On July 2, 1997, The Wallflowers kicked off a co-headlining tour with Counting Crows that continued through September and the tour included opening acts by Bettie Serveert, Engine 88, Gigolo Aunts, and That Dog, with each opening band touring for a three-week stretch. The Wallflowers took over full-headlining duties for several shows in July when Counting Crows were unable to perform due to Duritz's swollen vocal cords. On September 22, The Wallflowers released their third single from Bringing Down the Horse, "The Difference". On October 30, Bringing Down the Horse hit another milestone by receiving Quadruple-Platinum status by selling four million copies. After taking the month of October off from touring, The Wallflowers hit the road again in November. On November 9 and 10, The Wallflowers broke from their headlining tour to open for the Rolling Stones at Dodger Stadium in Los Angeles. Less than a week later, The Wallflowers again broke from their tour to co-headline a private show at an arena in San Jose, California with Bob Dylan on November 14. The Wallflowers continued to tour through the end of December. By the end of 1997, Bringing Down the Horse had become the most played album on rock radio and peaked at Number 4 on the Billboard 200 while "One Headlight" had received some 209,000 radio spins across all formats.

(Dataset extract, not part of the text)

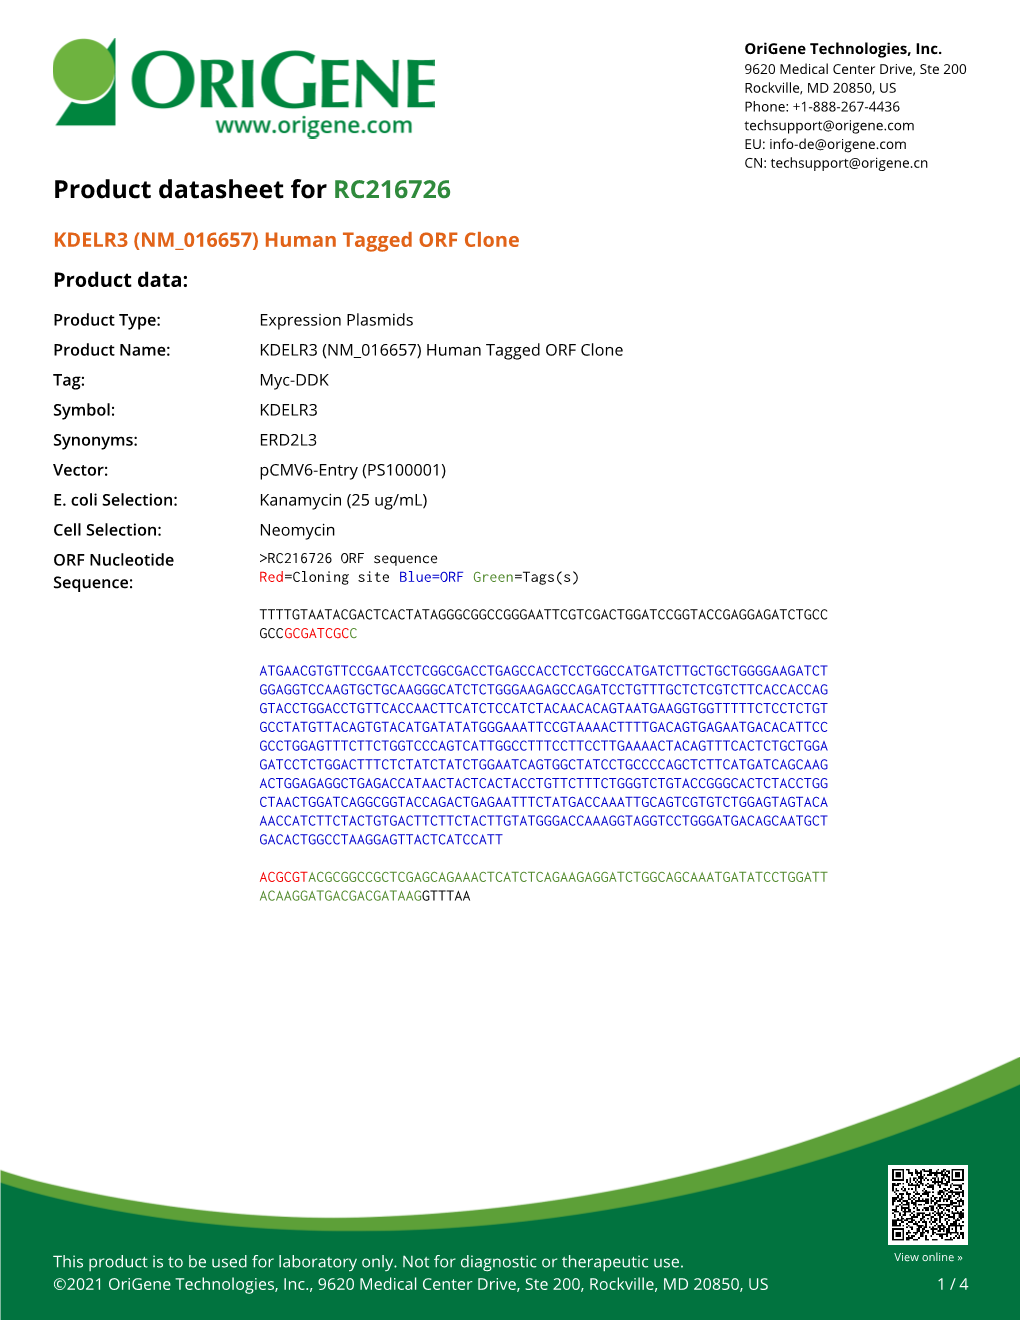 KDELR3 (NM 016657) Human Tagged ORF Clone Product Data

On January 6, 1998, The Wallflowers received three Grammy nominations; "One Headlight" and "The Difference" were both nominated for Best Rock Song while "One Headlight" received an additional nomination for Best Rock Performance by a Duo or Group with Vocal. At the 1998 Grammy Award ceremony on February 25, The Wallflowers received two Grammy Awards; "One Headlight" won for Best Rock Song as well as Best Rock Performance by a Duo or Group with Vocal. Despite the fact that Bringing Down the Horse was released nearly two years previously, The Wallflowers released an additional single from that album on March 23, "Three Marlenas". "Three Marlenas" would be the fourth and final single to be released from Bringing Down the Horse. By 1998, The Wallflowers had begun declining on the Billboard charts and receiving fewer spins on the radio. However, that changed when the soundtrack for the 1998 film Godzilla was released on May 19. The Wallflowers had recorded a version of David Bowie's "Heroes" which was chosen as the lead single for the soundtrack. The album peaked at No. 2 on the Billboard 200 and The Wallflowers' version of Heroes received heavy radio play. Though The Wallflowers did not tour in 1998 they did play a series of one-off shows including the Tibetan Freedom Concert in June at RFK Stadium in Washington, D.C. and the Bridge School Benefit in September in Mountain View, California, which was hosted by Neil Young and his wife Pegi.

===1999–2001: (Breach)===
After taking a five-month break from writing and touring, The Wallflowers set out to make their third album, (Breach). Dylan was very diligent in the songwriting process; he rented a studio near his home and would routinely go there to write songs for the album. However, Dylan was not satisfied with the first batch of songs he came up with. He decided to scrap them and start over. The songs that did make it to the studio were considered to be far more personal than any of the songs The Wallflowers had released in the past. Dylan commented, "I think all my songs are personal, but I just made them a little more dense before, made 'em real thick so that I didn't feel exposed. A lot of younger writers do that. Before, I haven't really wanted anybody buying my records looking for information about myself or my family, but at this point, the group has a lot of people buying the records who aren't interested in that, so it gives me more freedom." By the end of 1999, The Wallflowers were ready to begin recording. The bulk of the album was recorded at Sunset Sound Recorders in Los Angeles. The Wallflowers' longtime manager Andrew Slater co-produced the album with Michael Penn. The band took their time in the studio. Like Bringing Down the Horse, (Breach) took about eight months to record. (Breach) featured an array of guest artists including Elvis Costello, Mike Campbell, and Frank Black.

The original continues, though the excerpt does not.